Effect of oxygation on root attributes
Bhattarai et al., 2004 observed higher root weight (87.3 g m-2), root diameter (0.149 mm) and root length (10.32 km m-2) in cotton for Air injection treatment followed by hydrogen peroxide compared to control treatment. They also studied on vegetable soybean crop and observed that significantly higher root weight (139.7 g m-2) and root length (19.18 km m-2) was observed in hydrogen peroxide treatment followed by air injection and control treatment. Pendergast et al., 2013 reported that, significantly greater total root mass per plant (17 %) was recorded with oxygation treatment compared to the control treatment (i.e. without oxygation supply). Oxygation also resulted in higher RLD (53%), greater fibrous root mass (2%) and significantly larger tap roots per plant (26%) than the control. Increased root activities in the oxygated treatment are implied, with greater access to oxygen driving a higher rate of root respiration in the oxygated treatment.
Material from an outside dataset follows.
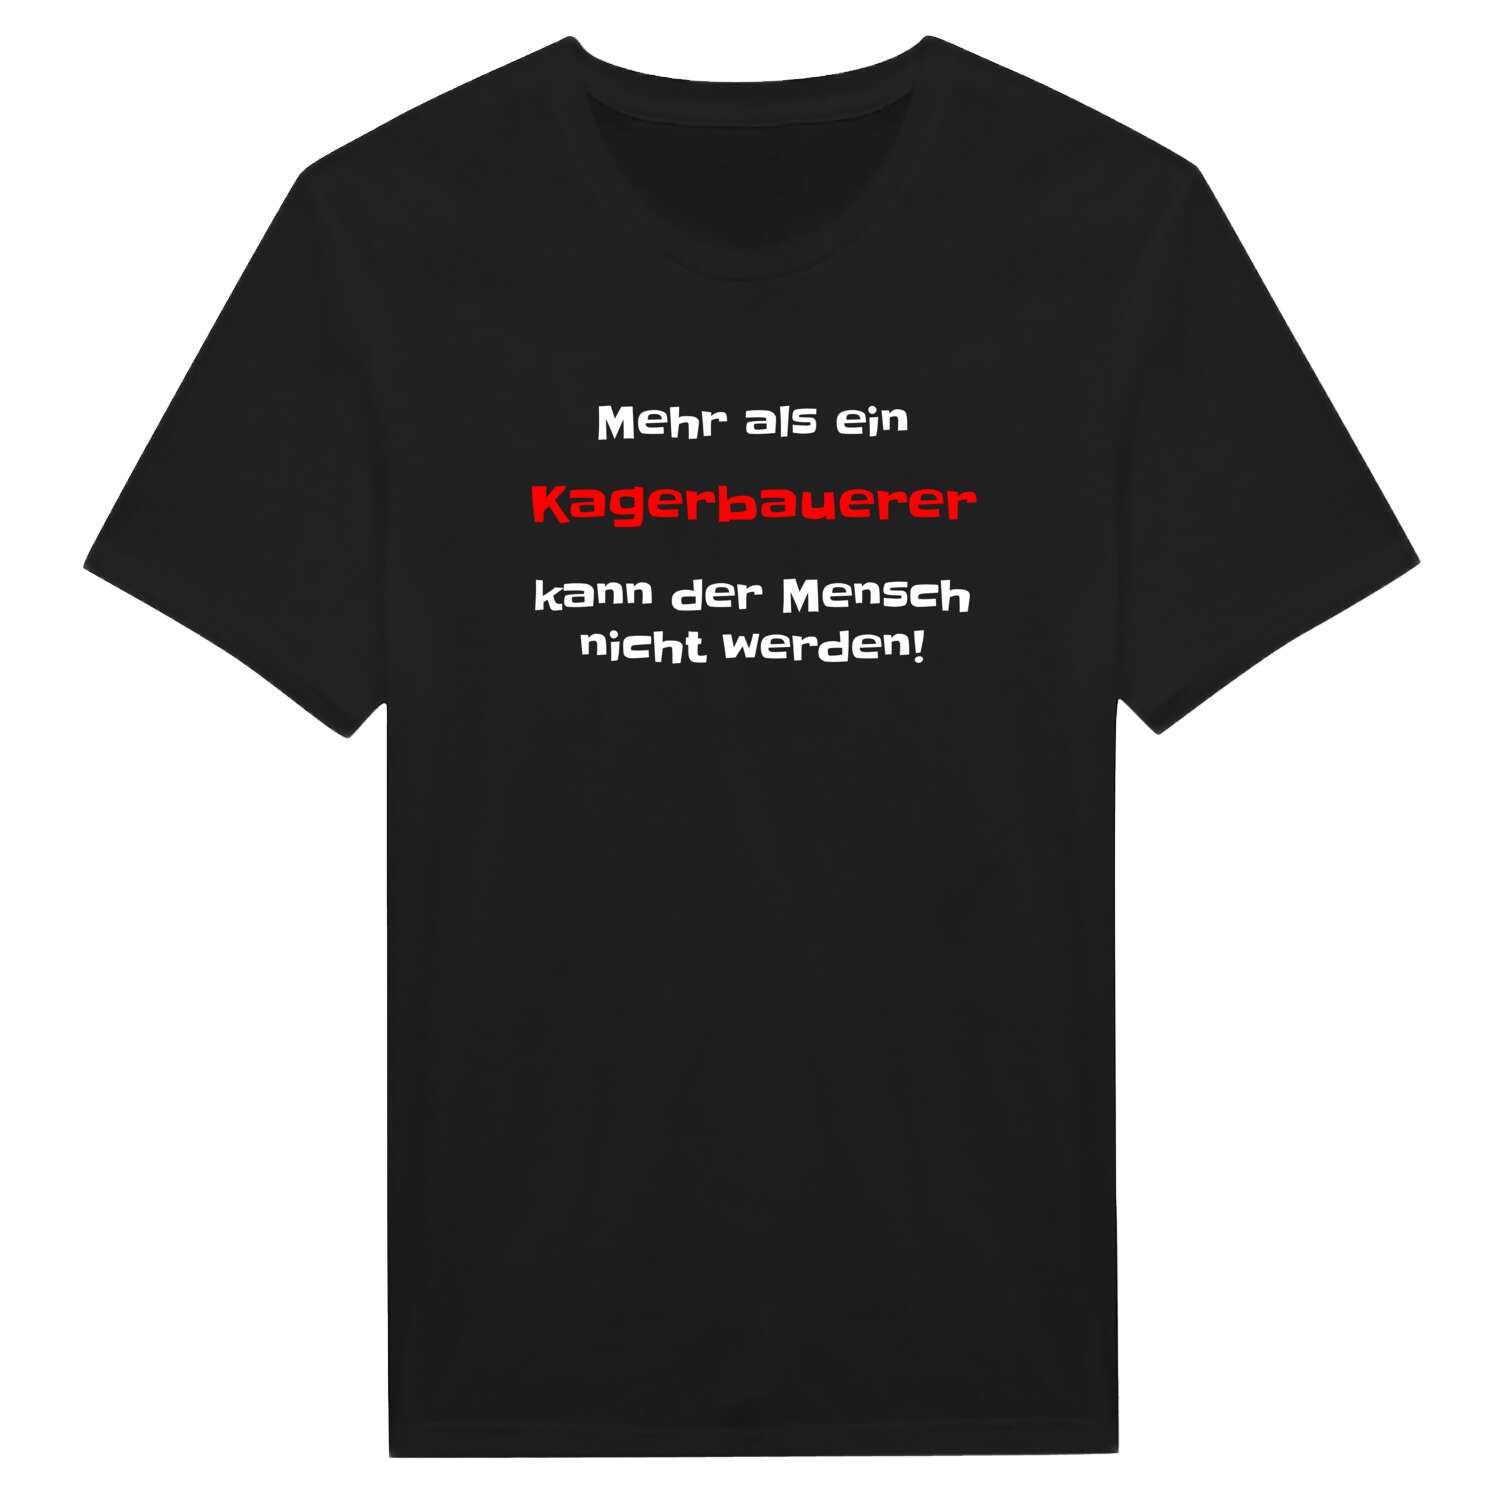 Kagerbauer T-Shirt »Mehr als ein«

Mei et al., (2013) reported that compared to the control, the rice root dry matter accumulation of Xiushui 09 under oxygenation was significantly increased by 44.64 per cent whereas that of Guodao 6 increased only by 18.40 per cent. There were no significant differences between the two varieties. Rice radicular absorption region is related to root oxygen content. After aeration, the root radicular absorption area of Guodao 6 was 1.99 fold higher than that of the control, while only 1.13 fold for Xiushui 09. Aeration increased rice root length and root volume, but reduced root number significantly. There were significant differences in the root activity of Guodao 6 but not in that of Xiushui 09. In comparison with the control, the root oxidation intensity of Guodao 6 increased by 28.67 per cent under aeration treatment, while that of Xiushui 09 increased only by 0.41 per cent. There were significant differences in the effects of oxygenation on radicular absorption region, root length, root number and root volume between the two varieties.
Oxygation assures optimal root function, microbial activity and mineral transformations which leads to enhanced yield and water use efficiency under hypoxic (aerobic) conditions. It also improves plant performance and yield under irrigated conditions previously considered to be satisfactory for crop growth and offers scope to offset some of the negative impacts of compaction and salinity related to poor soil aeration on crop growth. The aeration mechanism improves oxygen environment of rhizosphere and sufficient oxygen guarantees the normal activities of soil microorganisms, root activity, that enhances the uptake of water, minerals absorption, canopy light interception rate and photosynthetic efficiency. Thus, enhances the crop yield and quality.